And with councils putting the squeeze on care home fees within the private and independent sector in the wake of tightening budgets, fears are growing that other care home providers could struggle.

Mr Howitt warned frail residents could be made homeless and has written to health secretary Andrew Lansley demanding to know what will happen if the landlords do not accept a rent reduction and start to take back their homes, evicting residents.

'Money was found to bail out the bankers so why can't the government rescue a company that provides care to vulnerable older people,' he said. 'Government cuts have contributed to the financial meltdown of Southern Cross, so now I want to hear what they are going to do to pick up the pieces?

'The government talks about the Big Society but I want to live in a caring and compassionate society – not one that leaves the vulnerable high and dry.

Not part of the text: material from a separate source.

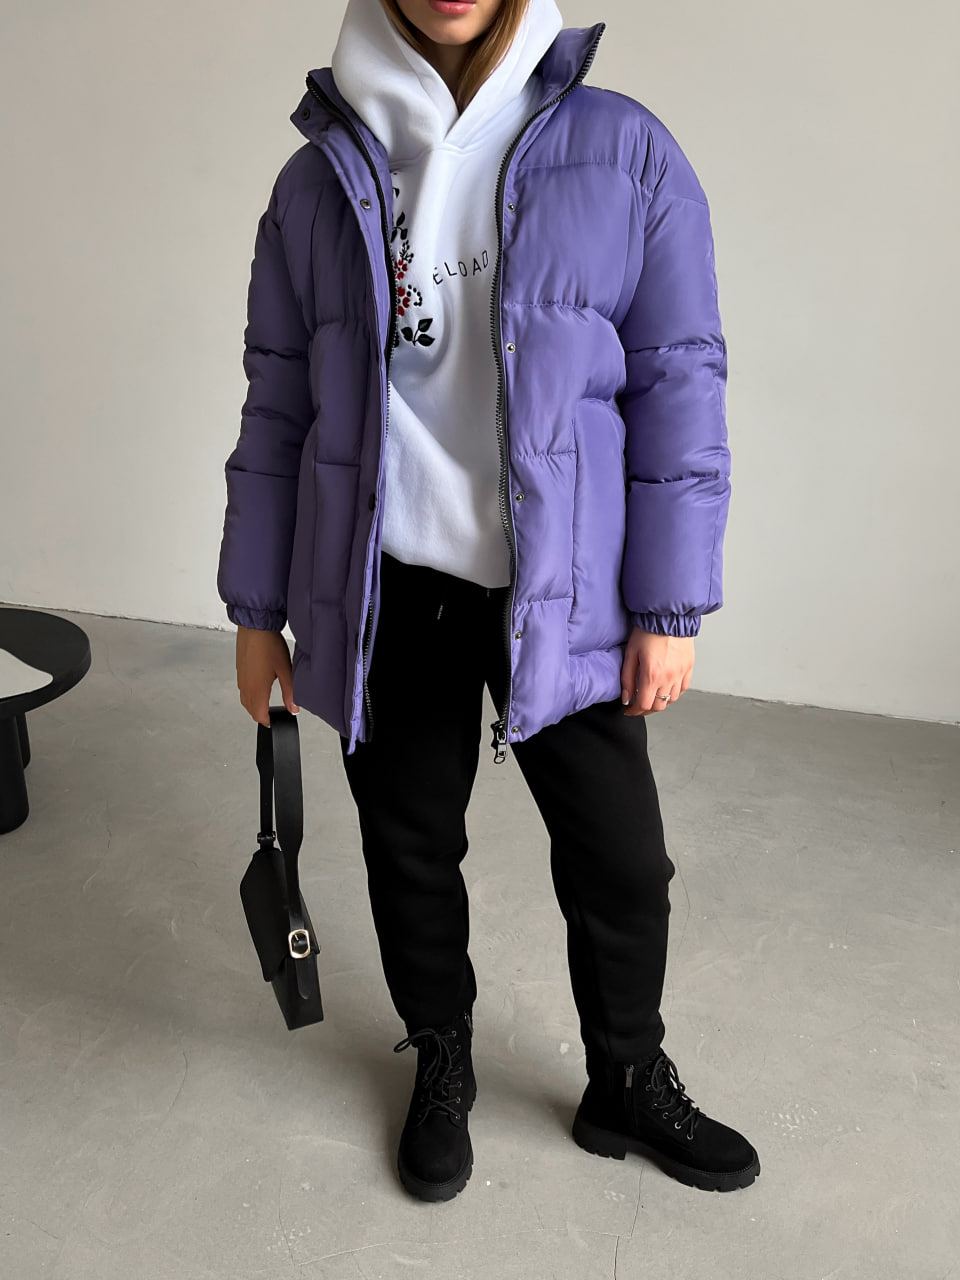 Женская зимняя куртка-пуховик Reload Elly фиолетовая / Зимний короткий пуховик оверсайз стильный теплый - Фото 2
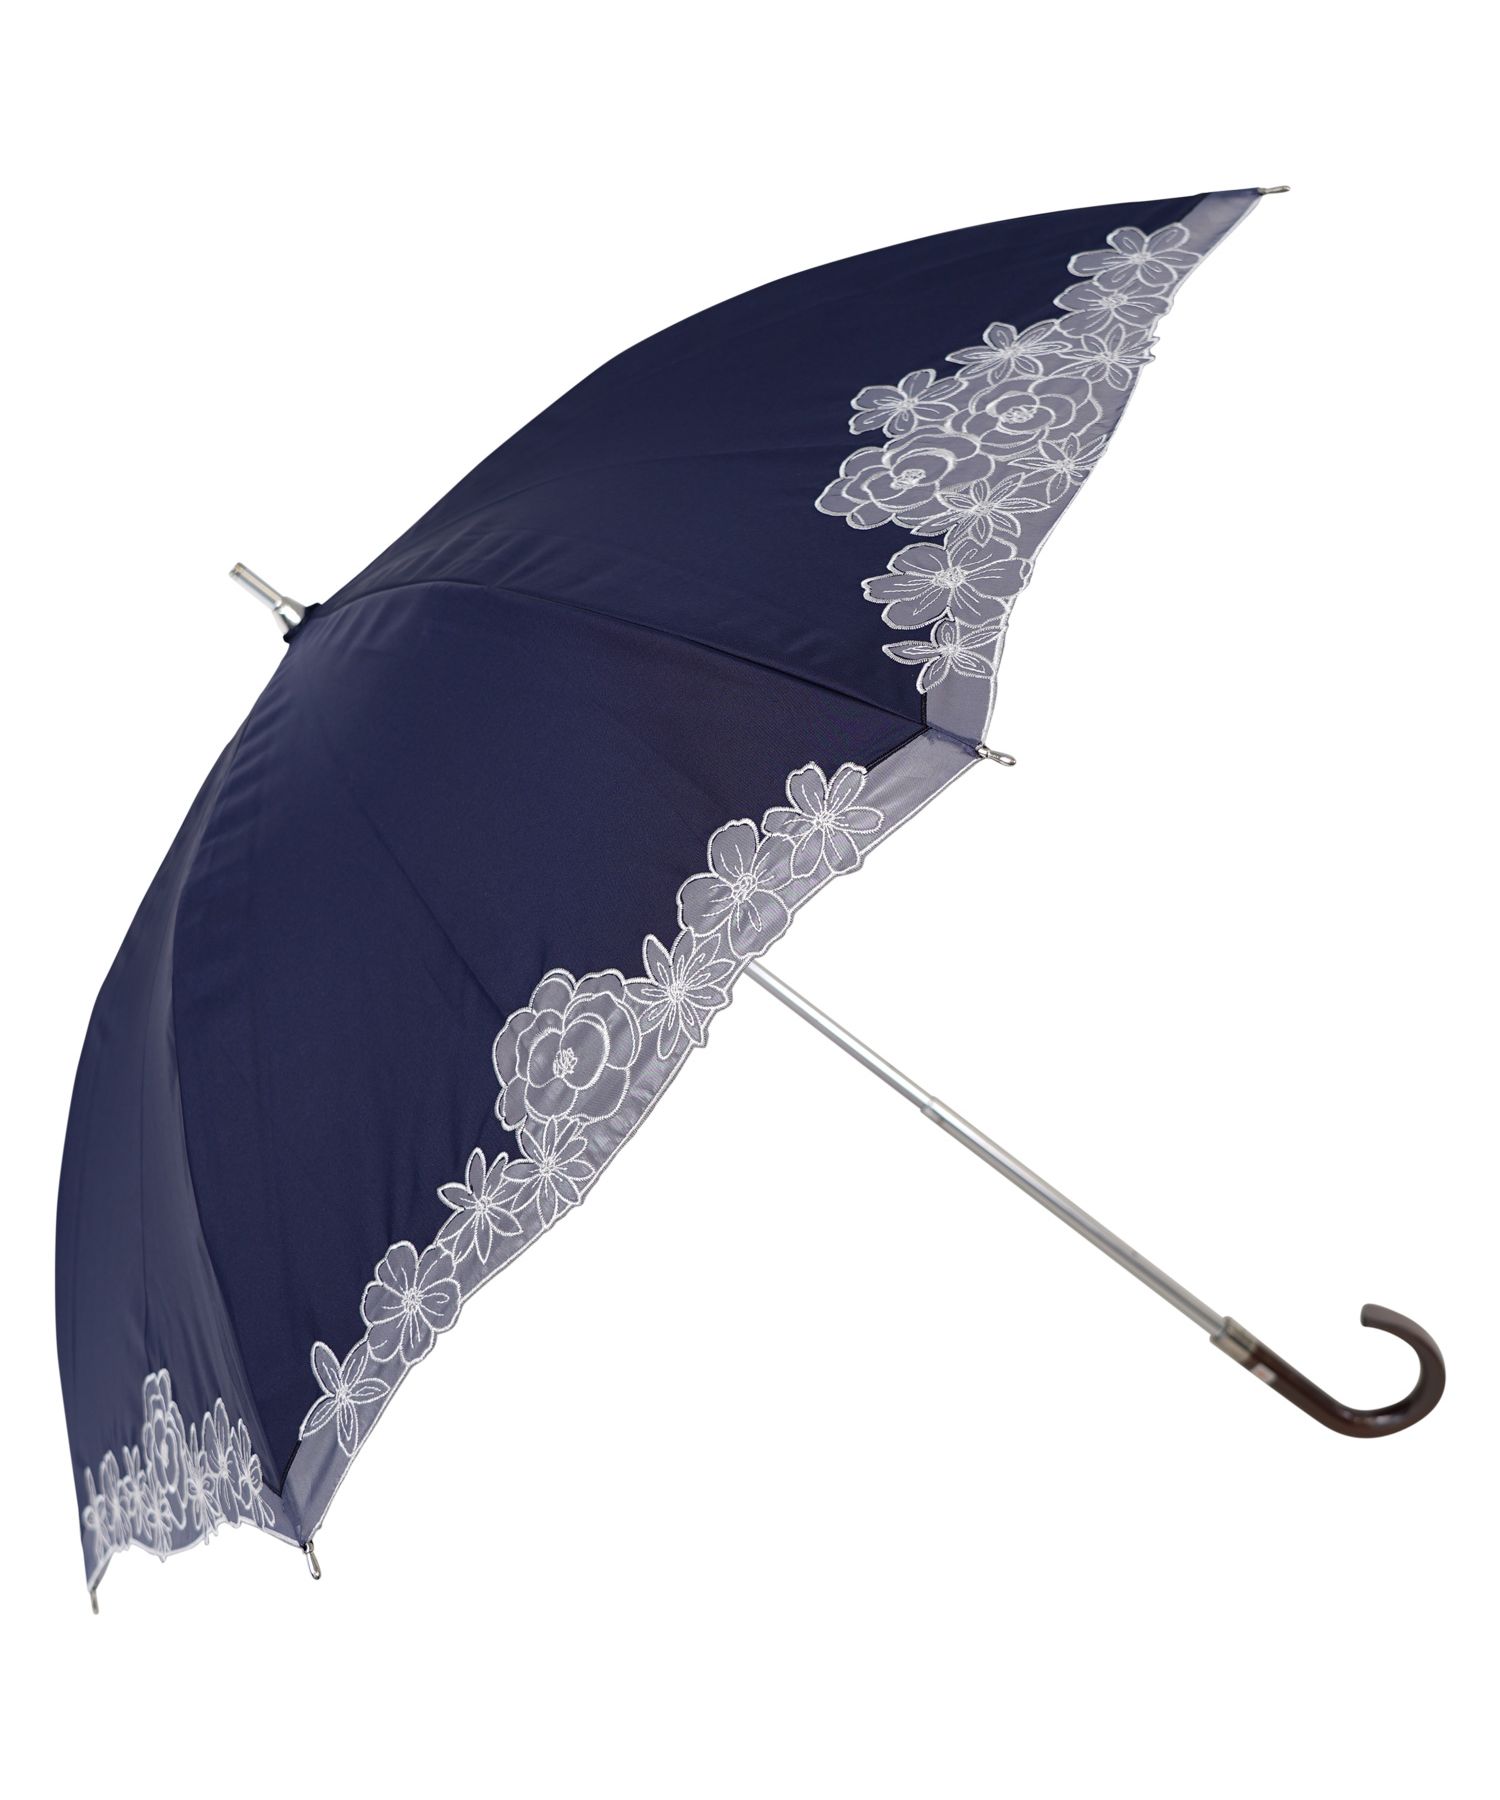 ニナリッチ NINA RICCI 日傘 遮光 晴雨兼用 1段スライドショート

'We are not talking about numbers on a balance sheet, but about mums, dads and grandparents whose long-term care should be a priority. It would be a terrible upheaval for residents to be forced to move from the place they call home.'

Hilary Macdonald, chief executive of Age UK Norfolk, said: 'The situation at Southern Care Homes is indicative of the depth of the crisis in social care and its consequent human cost.'

Harold Bodmer, director of community services at Norfolk County Council, said: 'We have been monitoring the situation closely for some months now and want to reassure residents from Norfolk in Southern Cross care homes and their families that there is currently no indication that the company will not be able to continue to provide the high quality of care we expect from them.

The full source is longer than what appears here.